Claude 3.5 Haiku is cheaper but just as effective
Anthropic also launched Claude 3.5 Haiku, an upgraded version of the least expensive , Claude model. Haiku is useful for user-facing applications and creating personalized experiences from data because it provides quicker responses and improved instruction accuracy and tool use.
Haiku delivers the same level of performance as the larger Claude 3 Opus model for the same price and speed as the previous generation. It also outperforms the original Claude 3.5 Sonnet and GPT-4o on SWE-bench Verified, with a score of 40.6 %.
Claude 3.5 Haiku will be rolled out next month as a text-prompt-only model. Future image inputs will be possible.
The shift to AI agents is widespread.
The model is placed in the hands of AI agents, tools that can autonomously perform complex tasks thanks to Claude 3.5 Sonnet’s ability to use computers.

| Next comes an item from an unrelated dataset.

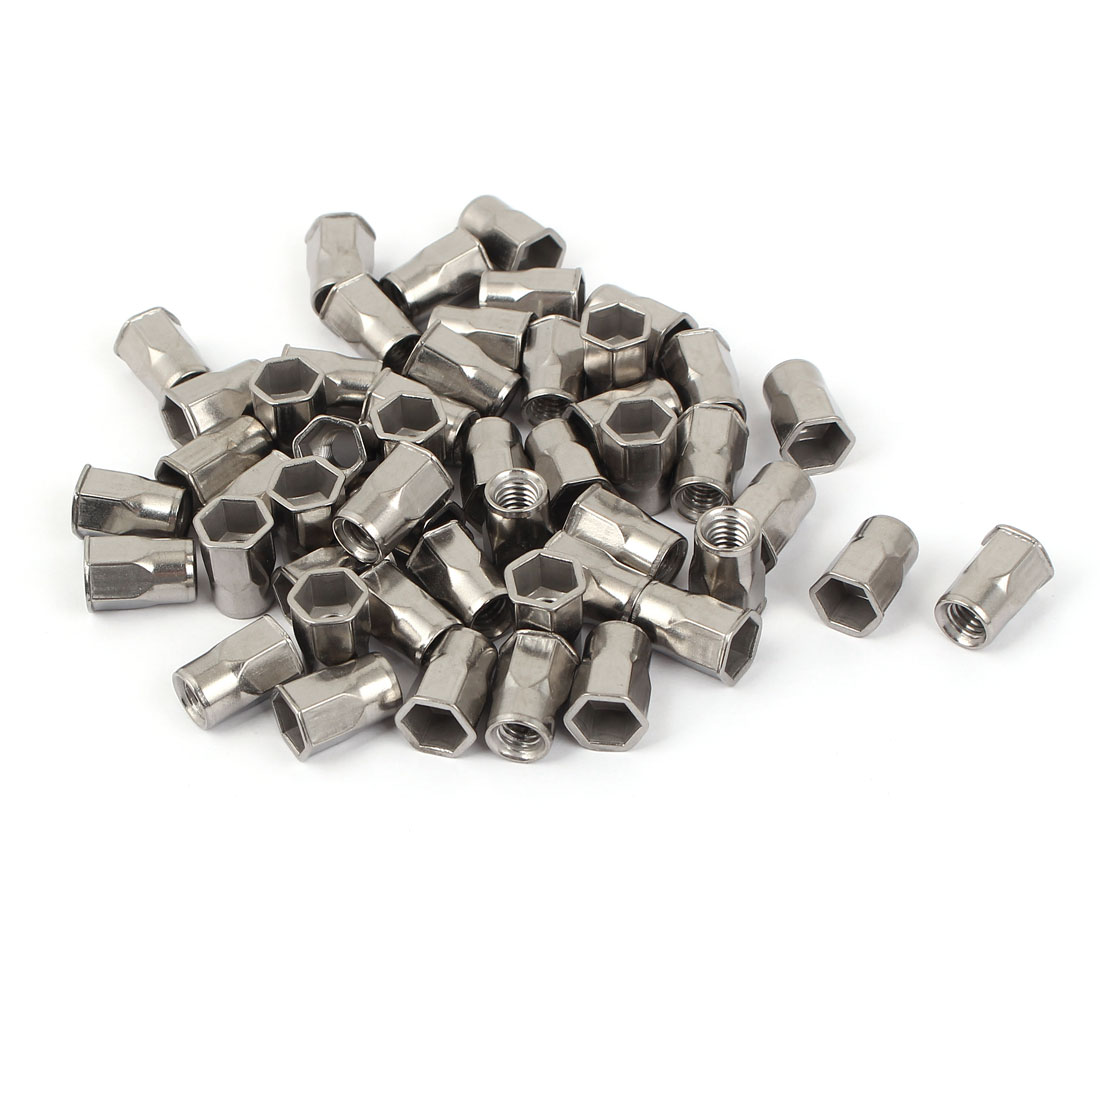 M6 Stainless Steel Hex Flat Head Rivet Nut Insert Nutsert 50pcs

” Anthropic’s choice of the term ‘ computer use ‘ instead of’ agents ‘ makes this technology more approachable to regular users”, Yiannis Antoniou, head of Data, Analytics, and AI at technology consultancy Lab49, told TechRepublic in an email.
Agents are becoming the essential tools in businesses as they take the place of AI copilots, which are tools designed to assist and suggest suggestions to the user rather than act independently. According to the Financial Times, Microsoft, Workday, and Salesforce have all recently placed agents at the core of their AI plans.
In September, Salesforce unveiled Agentforce, a platform for deploying generative AI in areas such as customer support, service, sales, or marketing.
At this week’s SXSW Festival in Australia, IBM’s vice president of product management for its AI platform Armand Ruiz stated that the newest big development in AI will usher in an “agentic era,” in which specialized AI agents work with humans to improve organizational efficiency.
There is still a long way to go before AI can make it possible for us to perform these routine tasks and do it in a trustworthy way, and then do it in a way that is accessible for scale, explanation, and monitoring. ” But we’re going to get there, and we’re going to get there faster than we think”.
AI developers might even go as far as to say that no human intervention is required in their own creation. Meta announced last week that it would be releasing a” Self-Taught Evaluator” AI model that would be used to independently assess both its own performance and that of other AI systems, demonstrating the potential for models to learn from their own mistakes.